During development or production you will probably want to add application-specific seed data into Couchbase. This may be data you use to test your application during development, or it may be application-specific content that is pre-populated, such as catalog data.

In general, you need three elements in place to do a bulk upload:

  • Set of data you want to upload. This can be cleanly structured information in a file, a JSON document, or information in a database.

  • Program in the SDK language of your choice. This program that you write will connect to Couchbase Server, read the file or data into memory and then store it to Couchbase Server. You program will typically have an event loop to loop through all the elements you want to store and store them.

  • Any supporting classes used to represent that data you want to store. In some cases you may be storing simple data which can be stored in your loader program as primitive types, in which case you do not need to create a class.

The following PHP example demonstrates a bulk set of sample data on beers and breweries. Sample code and data for this example are at Github: import.php and beer and brewey sample data.

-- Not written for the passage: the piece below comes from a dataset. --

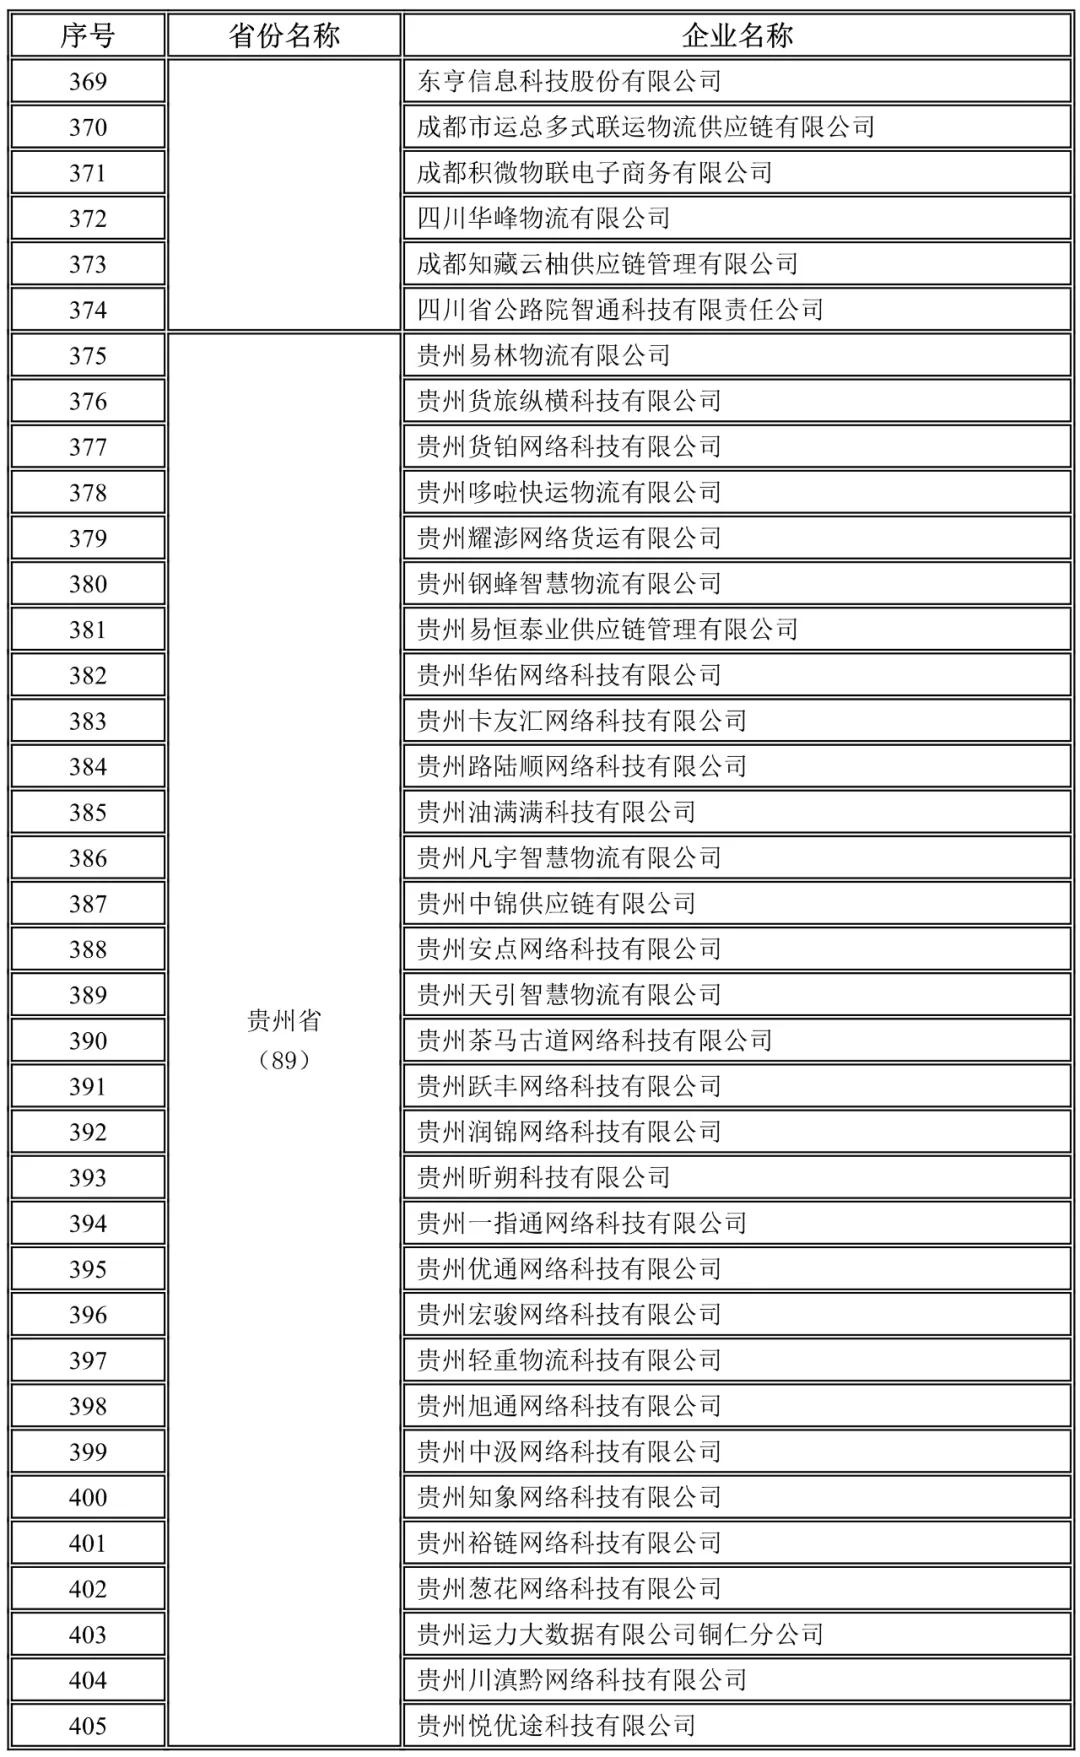 四川,贵州未上传驾驶员位置单证信息企业名录

First, here is an example of a JSON record for a beer. This particular beer is in the beer_#17_Cream_Ale.json file in the beer-sample/beer directory.

{
    "_id":"beer_#17_Cream_Ale",
    "brewery":"Big Ridge Brewing",
    "name":"#17 Cream Ale",
    "category":"North American Lager",
    "style":"American-Style Lager",
    "updated":"2010-07-22 20:00:20"
}

We also have brewery data with each brewery in a JSON file located in beer-sample/breweries. Finally we create the script that reads in the directories and stores each file as a record in Couchbase Server:

<?php

// Set up Couchbase client object
try {
  $cb = new Couchbase(COUCHBASE_HOST.':'.COUCHBASE_PORT, COUCHBASE_USER, COUCHBASE_PASSWORD, COUCHBASE_BUCKET);
} catch (ErrorException $e) {
  die($e->getMessage());
}

// import a directory
function import($cb, $dir) {
  $d = dir($dir);
  while (false !== ($file = $d->read())) {
    if (substr($file, -5) != '.json') continue;
    echo "adding $file\n";
    $json = json_decode(file_get_contents($dir . $file), true);
    unset($json["_id"]);
    echo $cb->set(substr($file, 0, -5), json_encode($json));
    echo "\n";
  }
}

// import beers and breweries
import($cb, 'beer-sample/beer/');
import($cb, 'beer-sample/breweries/');

?>

We first create a Couchbase client, then we declare an import function which will read in our files and write them to Couchbase Server. While the import function reads each file into memory, we repeat the same set of operations for each file. If the file is not a JSON file we convert it into JSON. We also omit the first attribute of ‘_id’ from the file since we already provide unique file names and use the filename itself as a key; therefore we do not need this as a unique identifier. Then we store the value to Couchbase Server as JSON and use the filename, minus the.json file extension as the key for each record.